(Beginning of Supplied material)
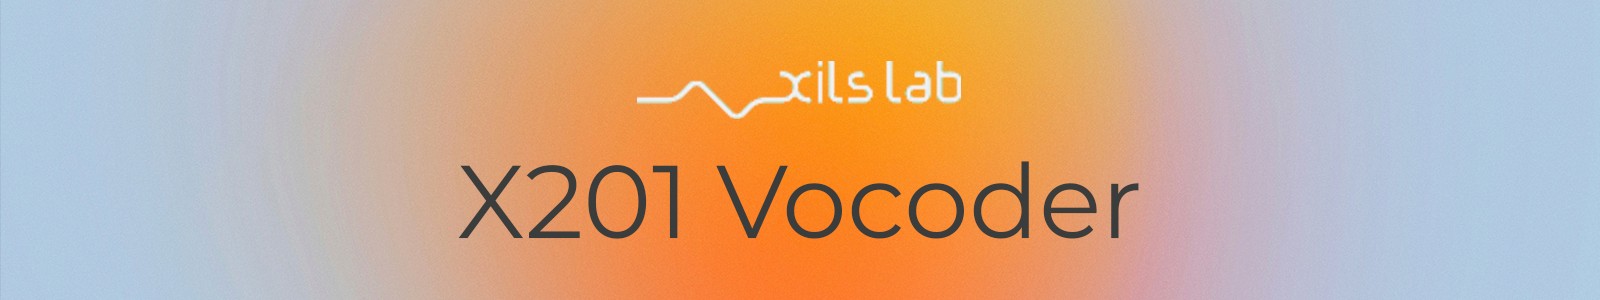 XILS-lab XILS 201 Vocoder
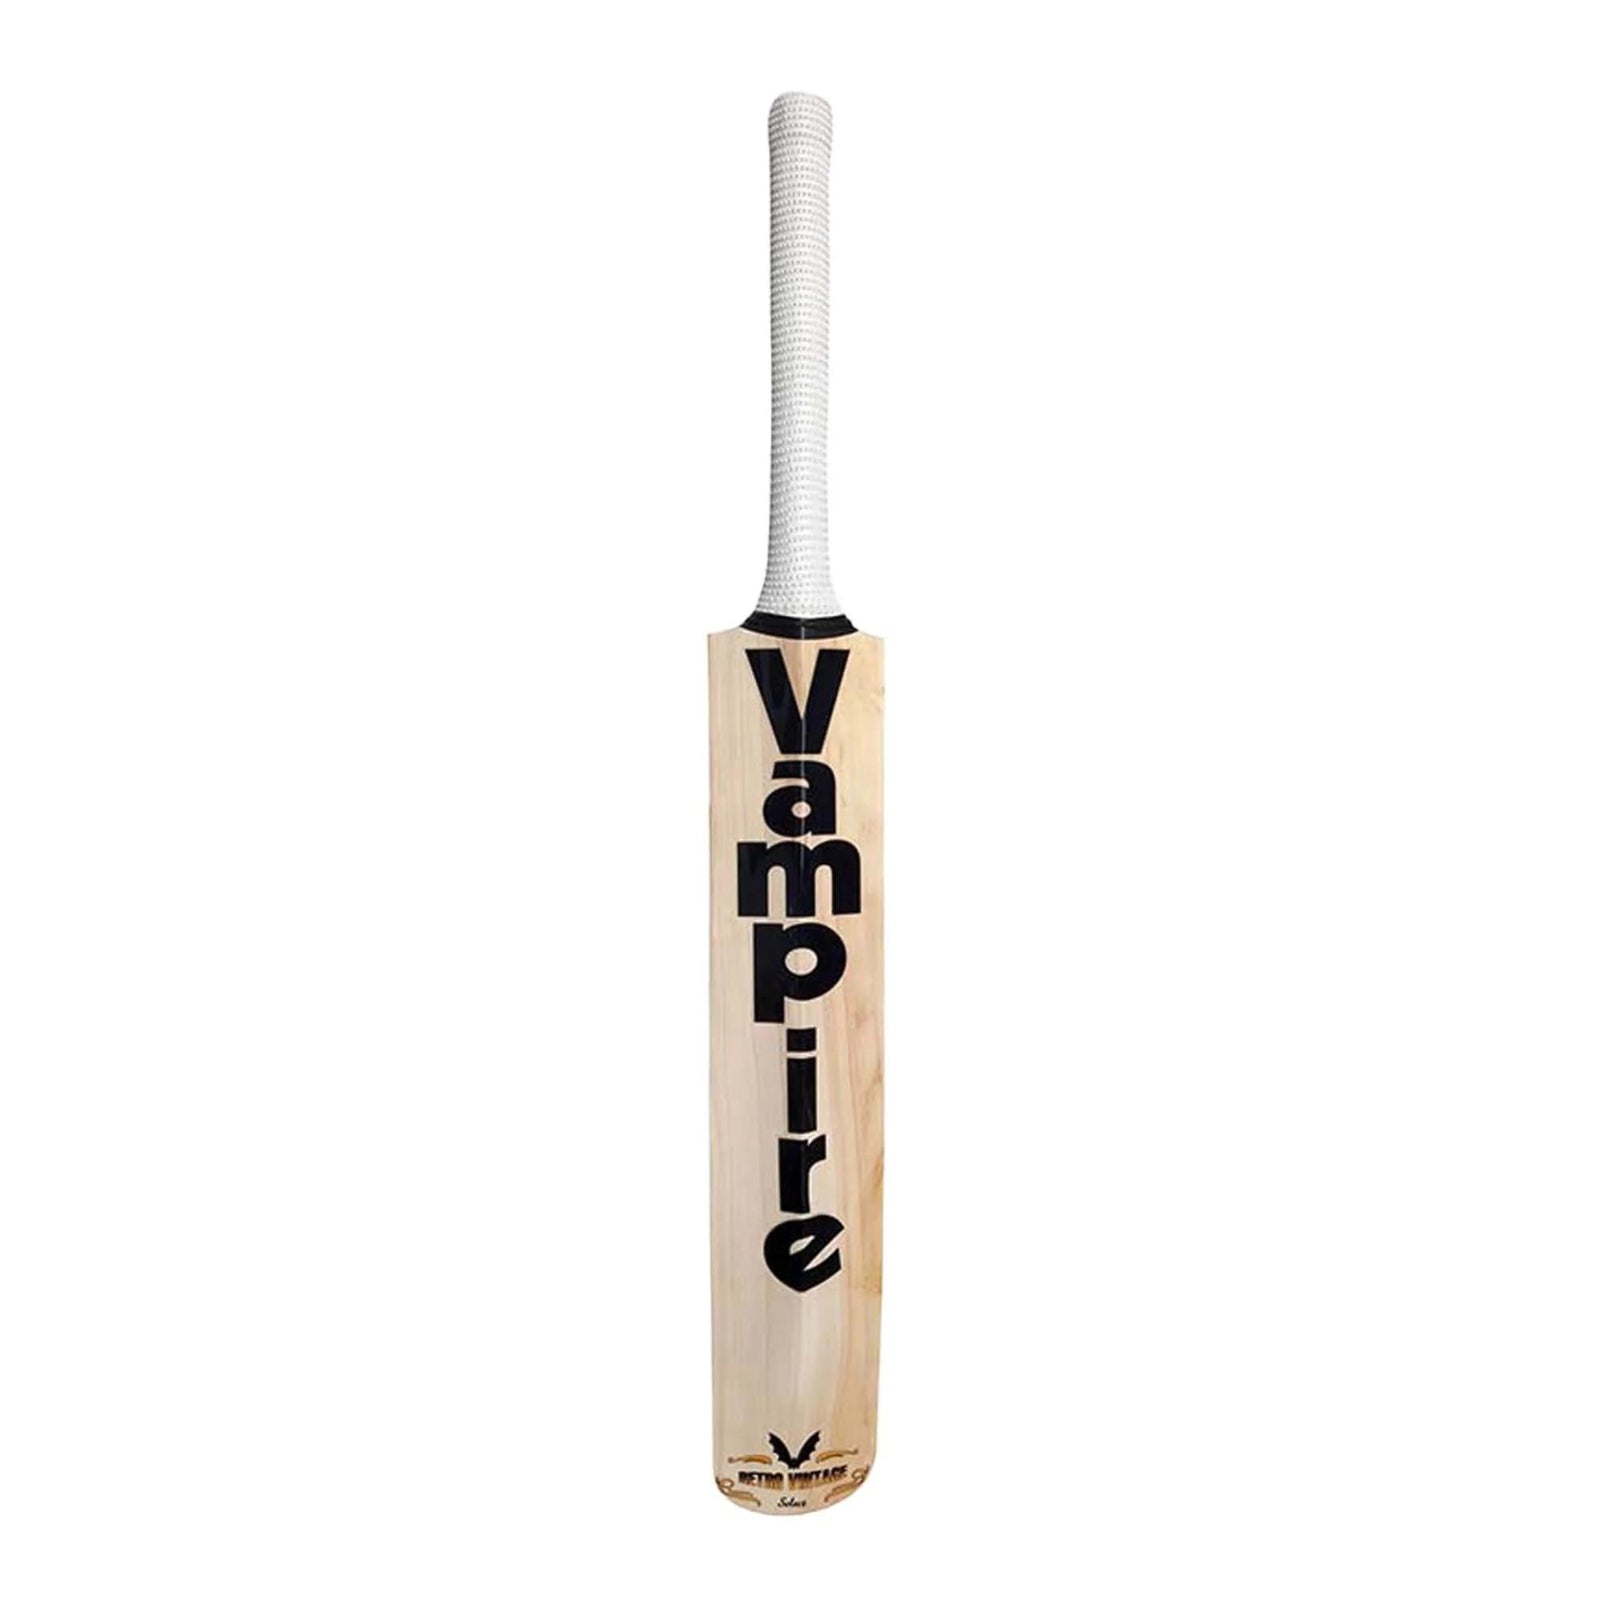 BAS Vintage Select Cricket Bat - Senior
(End of Supplied material)
(Beginning of Supplied material)
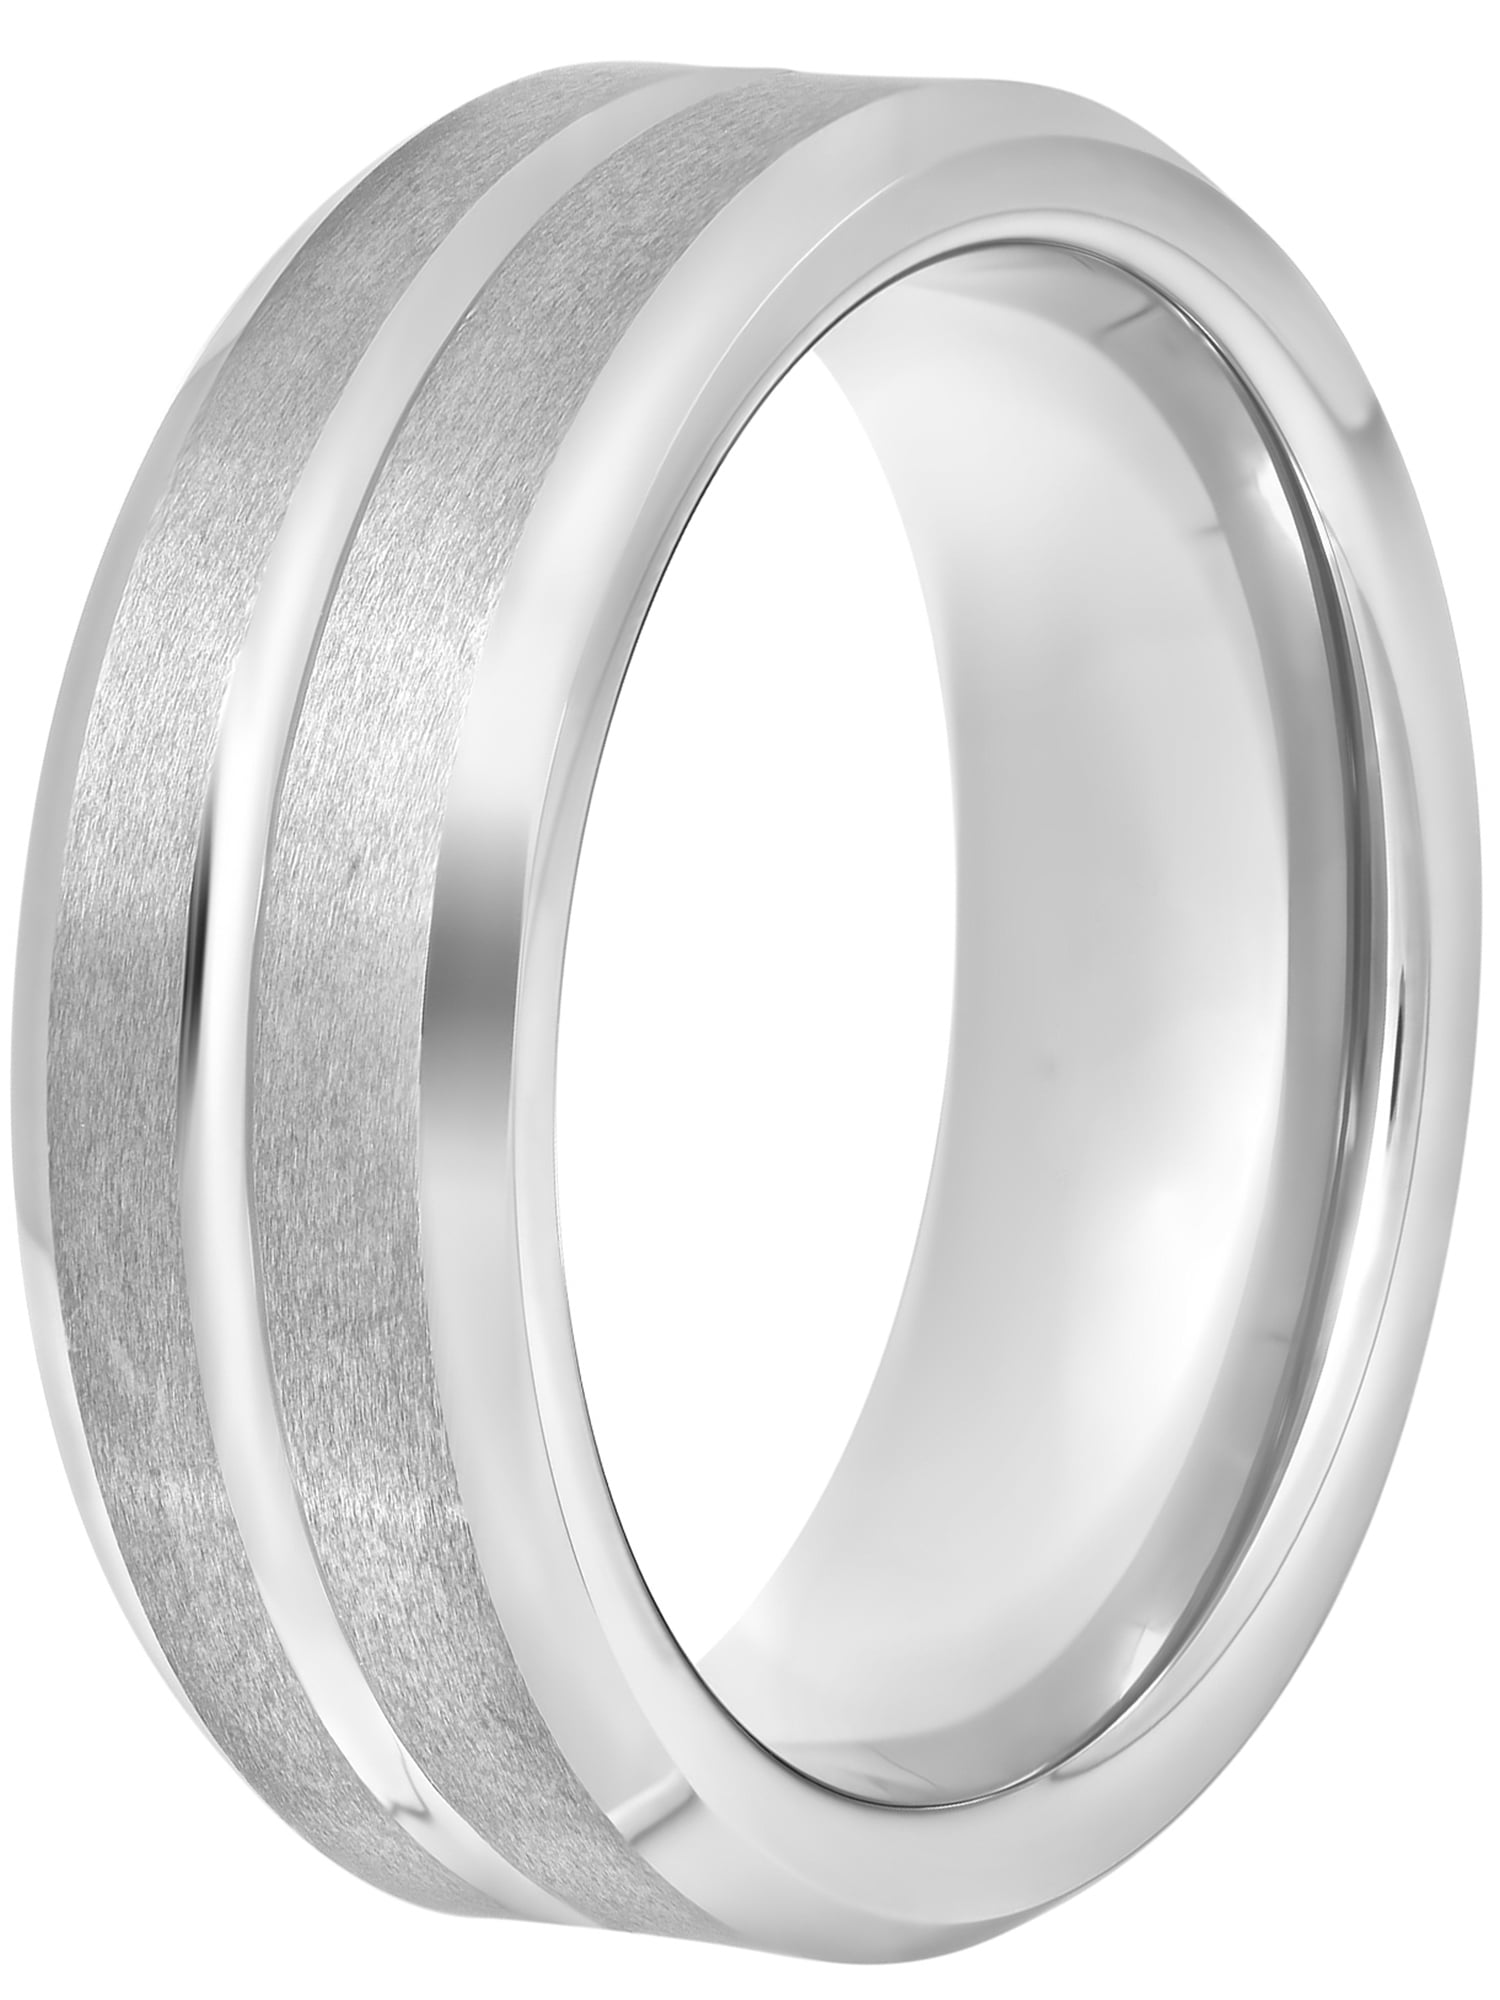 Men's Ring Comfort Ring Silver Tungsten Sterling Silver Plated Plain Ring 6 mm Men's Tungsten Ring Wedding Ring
(End of Supplied material)
Copy everything above from the line holding "XILS-lab XILS 201 Vocoder" down to the line holding "BAS Vintage Select Cricket Bat - Senior", both ends included, exactly as it stands and without the pictures.

 XILS-lab XILS 201 Vocoder
 BAS Vintage Select Cricket Bat - Senior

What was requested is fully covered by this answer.